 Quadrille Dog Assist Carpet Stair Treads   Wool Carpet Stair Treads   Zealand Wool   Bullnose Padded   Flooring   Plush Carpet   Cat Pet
──────────────────────────────
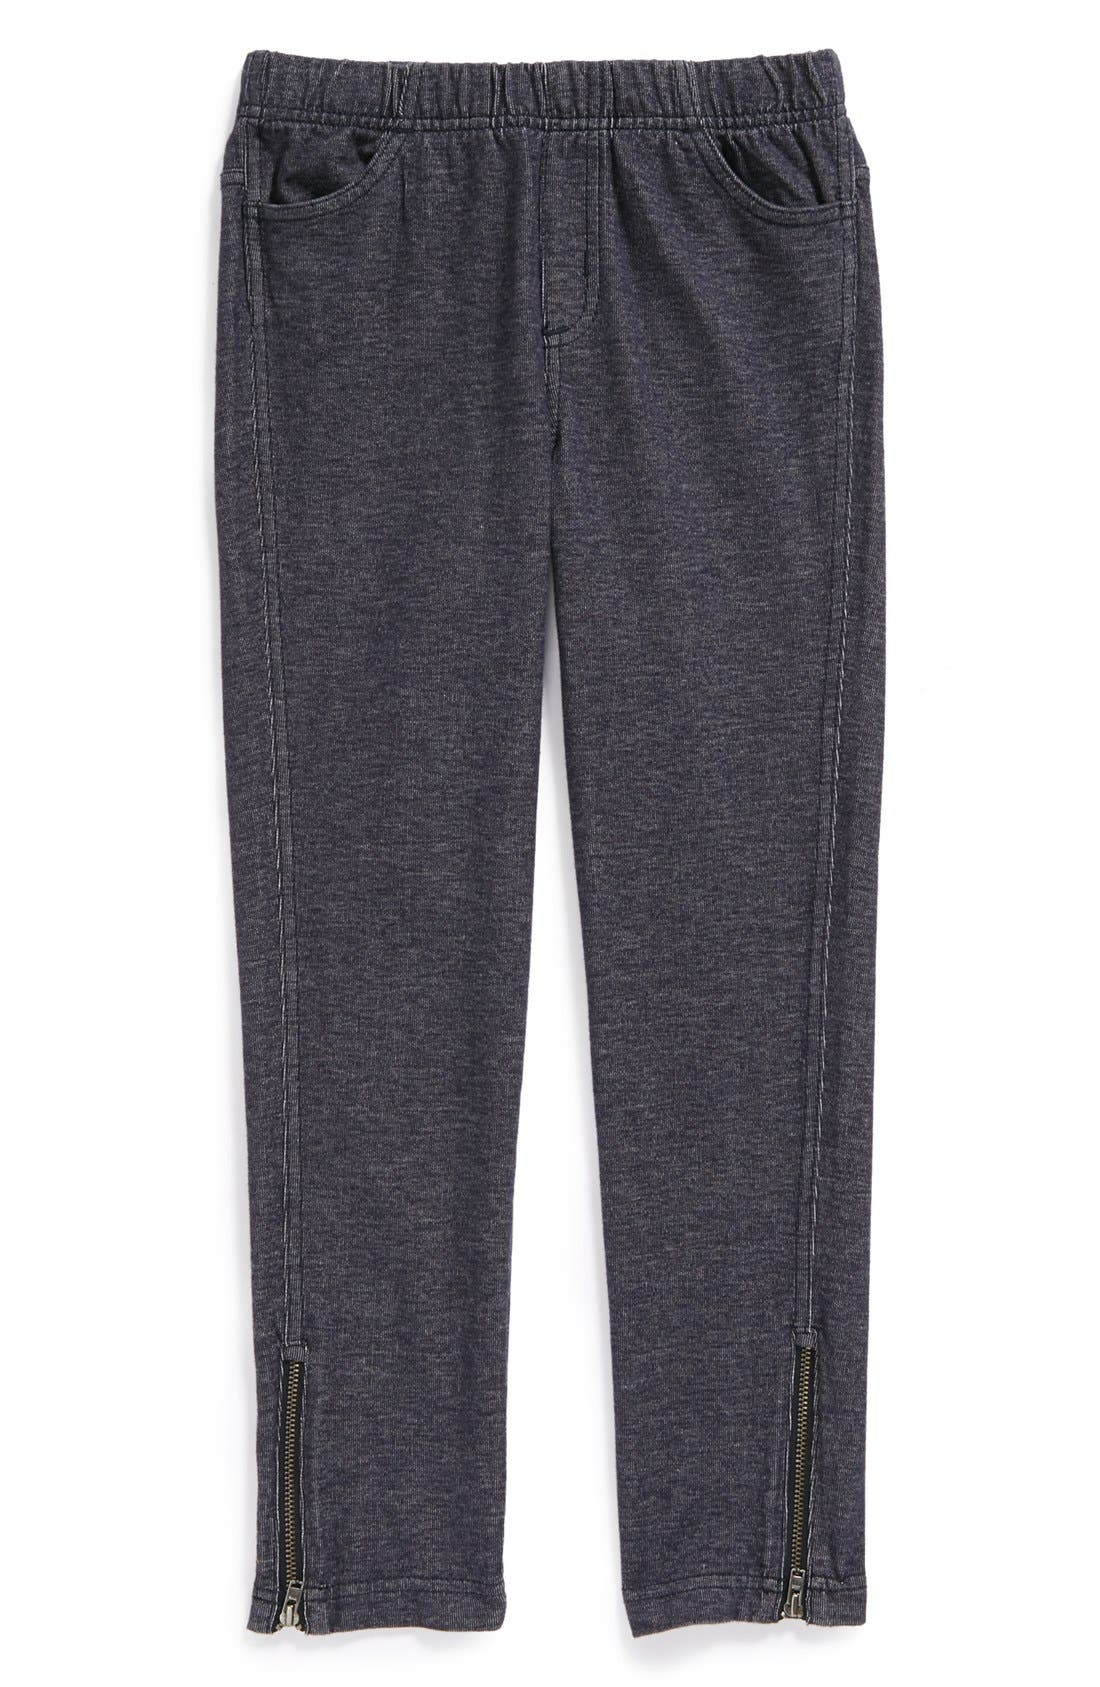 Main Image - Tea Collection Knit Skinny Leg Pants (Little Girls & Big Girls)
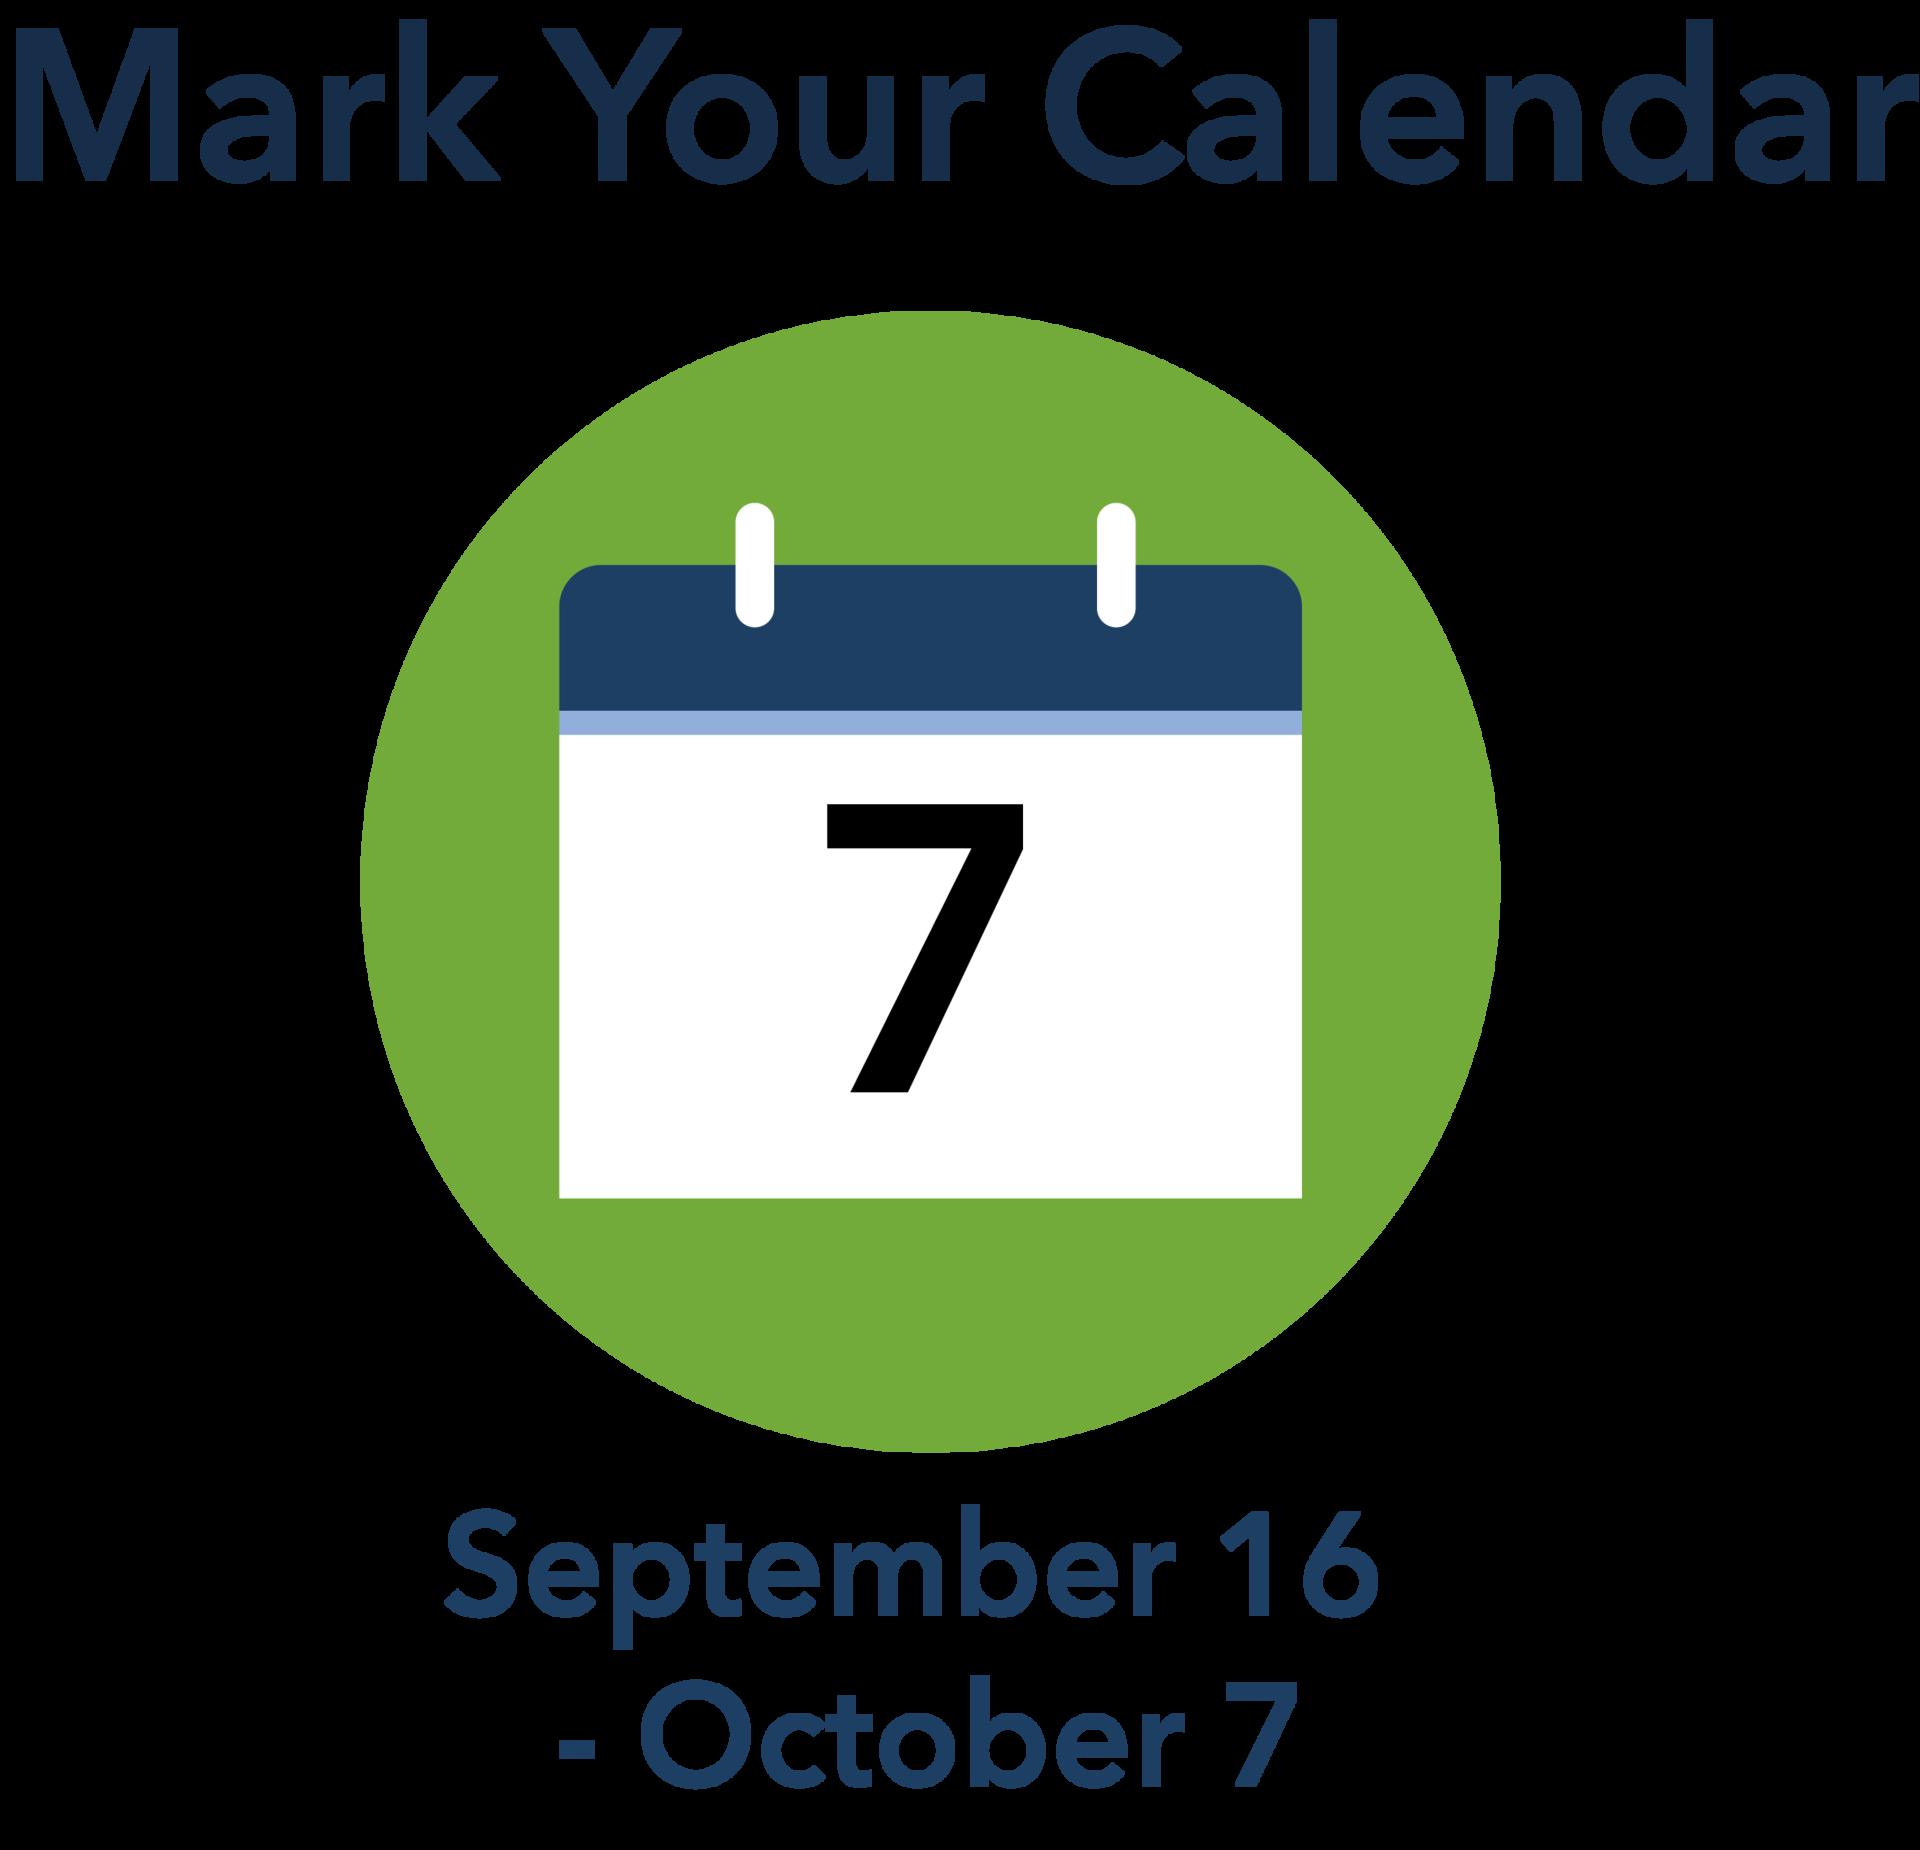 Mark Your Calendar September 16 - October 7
──────────────────────────────
• Work required
Using the data above, retype exactly and only the lines from the one containing "Main Image - Tea" up to and including the one containing "Mark Your Calendar September 16 - October 7", with no pictures carried over.

• Written answer
 Main Image - Tea Collection Knit Skinny Leg Pants (Little Girls & Big Girls)
 Mark Your Calendar September 16 - October 7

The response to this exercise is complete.